* _Task to complete_:
The line containing "Medium: Fünf Radierungen" marks where to begin. Write out that line and every line after it exactly, through the last line below.

* _Given information_:
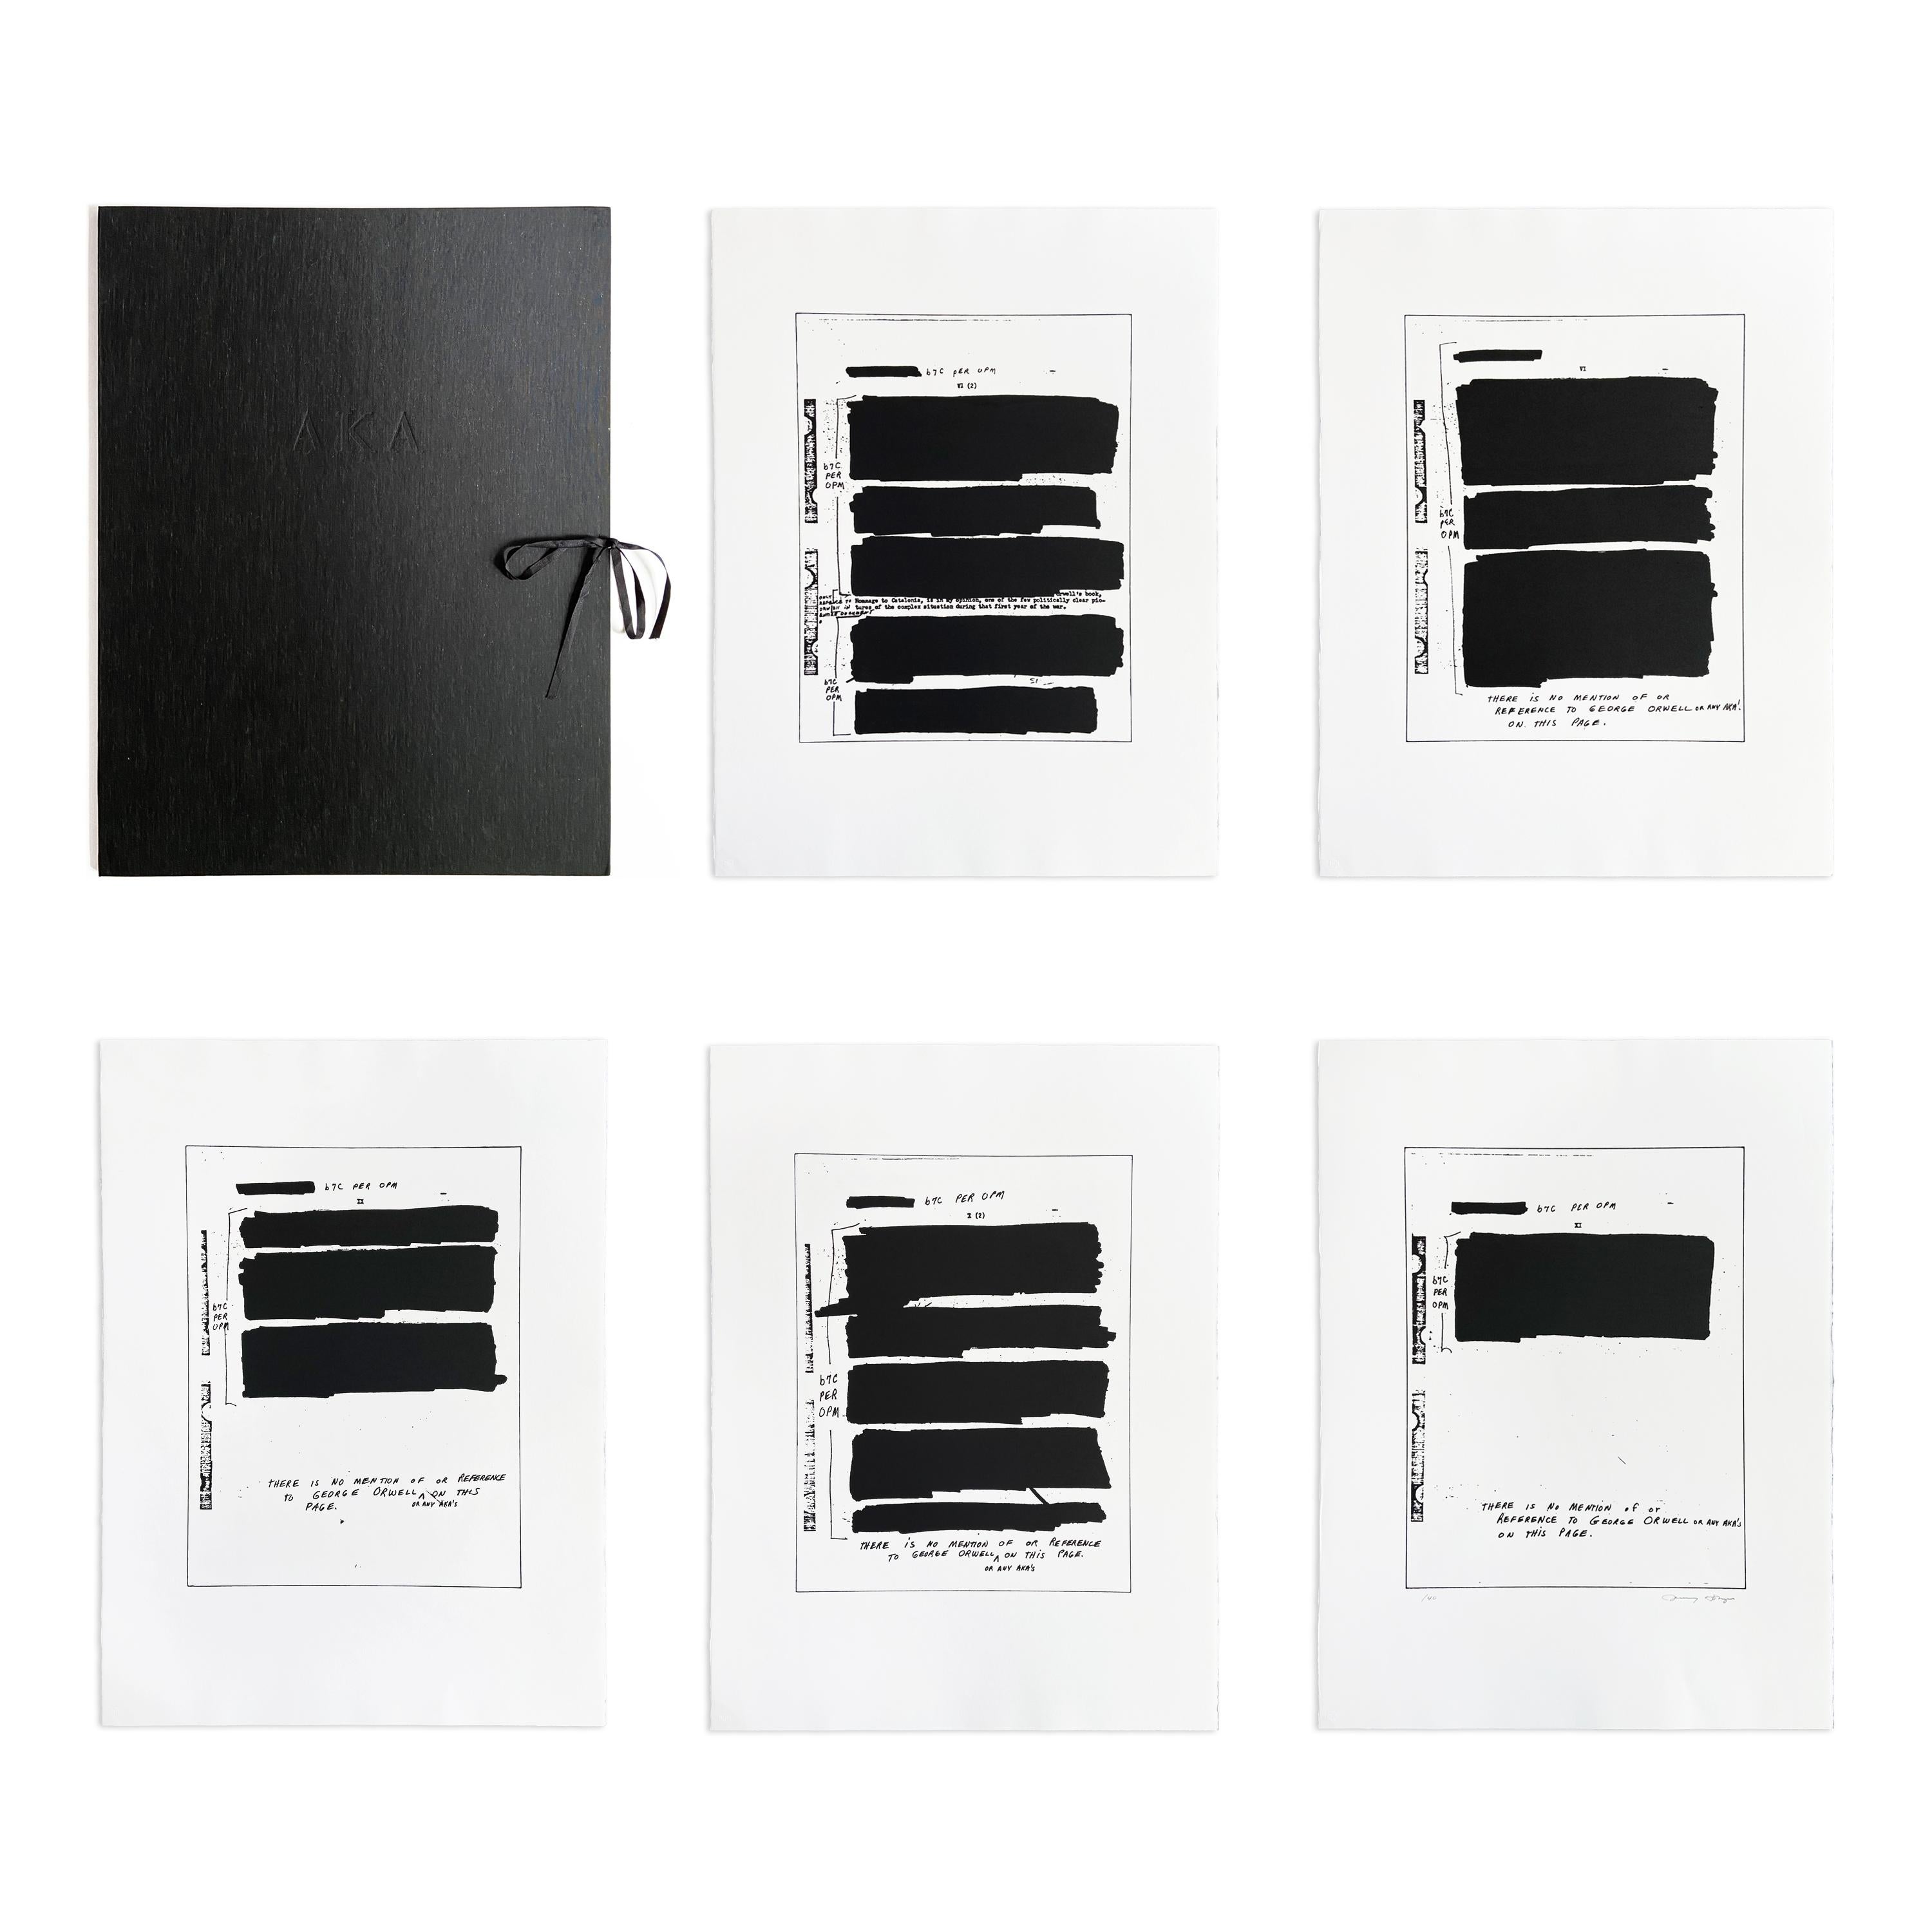 Jenny Holzer (Amerikanerin, geb. 1950)
AKA, 2006
Medium: Fünf Radierungen auf Magnani-Pescia-Papier (mit Titelblatt, Blätter lose, in originaler schwarzer Seidenmappe)
Abmessungen: 75,6 x 56,3 cm (29 3/4 x 22 1/8 Zoll)
Auflage 40: Handsigniert und

* _Solved problem_:
Medium: Fünf Radierungen auf Magnani-Pescia-Papier (mit Titelblatt, Blätter lose, in originaler schwarzer Seidenmappe)
Abmessungen: 75,6 x 56,3 cm (29 3/4 x 22 1/8 Zoll)
Auflage 40: Handsigniert und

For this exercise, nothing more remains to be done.